To my astonishment, we came away from reading Krauthammer’s column for this past Friday, in The Washington Post, with a sense of disappointment too. His comments were about one Presidential Candidate’s Evangelical Christianity and how he had used that to “manipulate” another candidate into having to discuss his Mormonism. As usual, Krauthammer expressed his views intelligently and interestingly but, at the end of it all, he just pitted one candidate against another, based on their differences.

But then it struck us! Ironically, we realized that “My hero”, Charles had actually come through. He had pointed us in the right direction by pitting one candidate against another. We realized … that’s what they all do. Regardless of the forum, its Democrat against Republican, Left against Right and Pro versus Con on: abortion, energy, environment, immigration, Iraq, taxes and pretty much any issue you can think of. How does that make us better? I don’t think that’s what led to our success, as a nation, in the first place. At the outset we pitted ourselves against Britain to gain our independence but we didn’t do it just one person’s way. I seem to recall that we drew on the best of the differing ideas of those we now honor as our Patriots … John Adams, Benjamin Franklin, Patrick Henry, Thomas Jefferson, Thomas Paine, George Washington, etc. These were all very different guys. Where would we be if all they did was pit themselves against each other, based on their differences? … In a place where there is only a Union Jack and no Old Glory, that’s where! … So, why is it that that’s all we do today? Although Oprah didn’t persuade me to support her guy, I’d bet that he does have some good ideas and that he, genuinely, wants to do his part to better our nation. Likewise with both the Evangelical Christian and the Mormon. As a matter of fact, that’s probably true of all the current mainstream candidates. So, why is it that not one of them seems to have the courage to offer what we do need … not just change but leadership, with a vision aligned with the beliefs of the majority and with the common sense to embrace the superior ideas of others, even if the “others” are political opponents. Now there’s the candidate I’m looking for! One who can lead us to rediscovering the strength that made America great in the first place … the synergy of the best of our differing ideas.

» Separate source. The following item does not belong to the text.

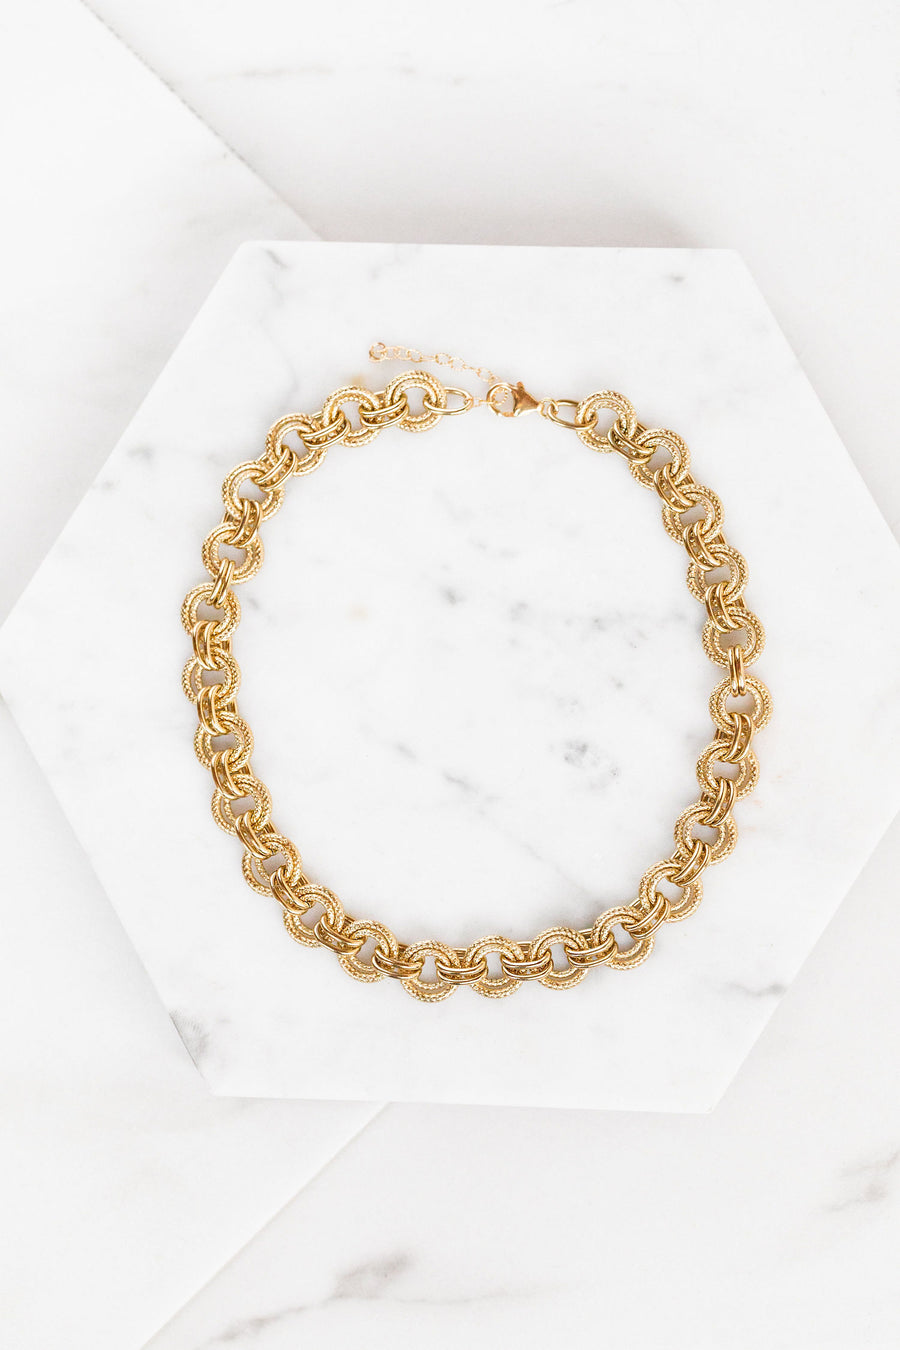 Find the perfect necklace you're looking for from Charme Silkiner! This beautiful chunky 14K Gold Overlay Necklace with amazing textured detail is pure perfection. Great for layering or wearing alone the Blaine Necklace is the perfect piece of unique jewelry that everyone should own. 
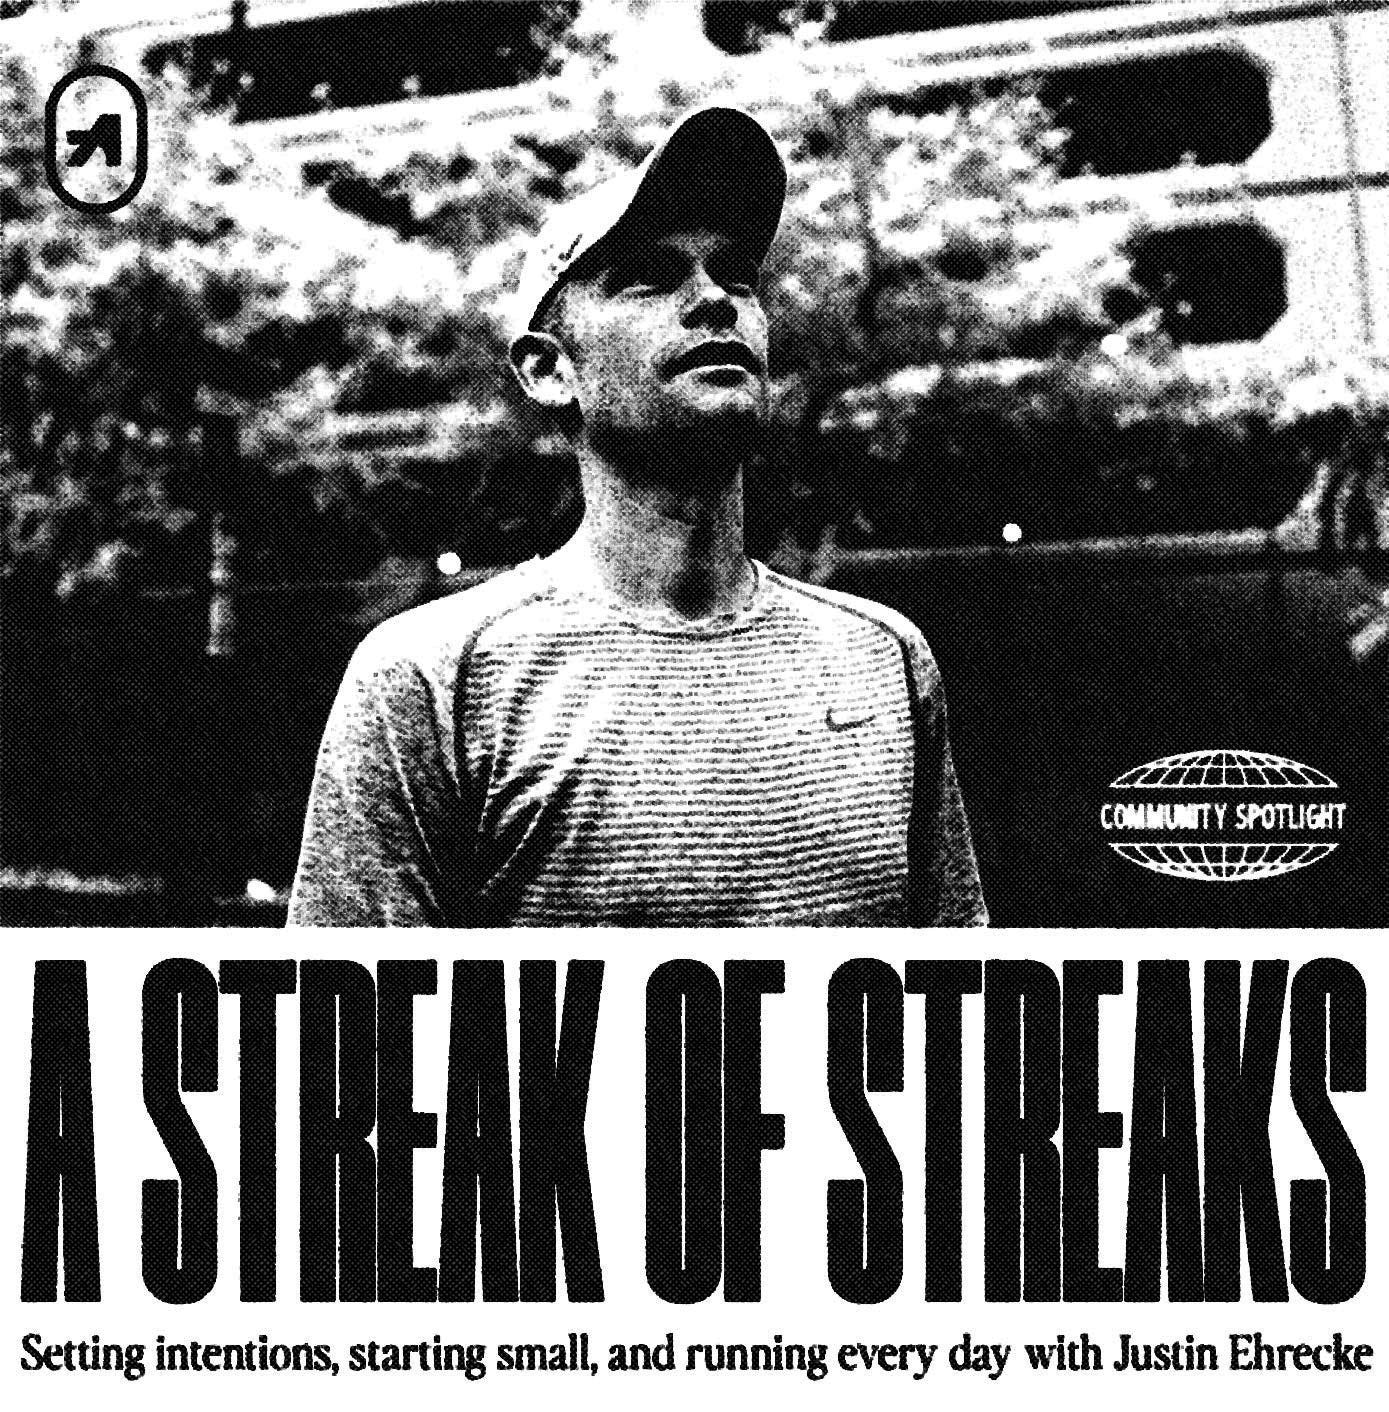 Black and white image of Justin Ehrecke looking up towards the sky, with the title "A Streak of Streaks" followed by "Setting intentions, starting small, and running every day with Justin Ehrecke."

After basking for a few moments, in the illumination of the “Aha moment” we’d had, it occurred to me that I’d recently heard a similar point of view. As I reflected on this, I realized it was what I’d heard about a new book called Common Ground – How to Stop the Partisan War That is Destroying America., by Cal Thomas and Bob Beckel. If these two, literally, political polar-opposites have come to this conclusion too, we’re more encouraged, we must be on to something!

As a relative newcomer to considering Presidential politics, this all seemed to be a bit convoluted for Figgie. But I sensed it was sinking in and beginning to comfort him. As soon as we came to today’s conclusion, he wandered off to one of his favorite spots … the living room couch. There, he was able to look out and enjoy the sunny, though chilly, mid-December day. No doubt, it was that comforting view, along with the enlightened vision, resulting from our examination of today’s topic, that had him peacefully snoozing in no time. I was thankful he could do that so easily. He is such a good listener but I know that takes a lot out of him.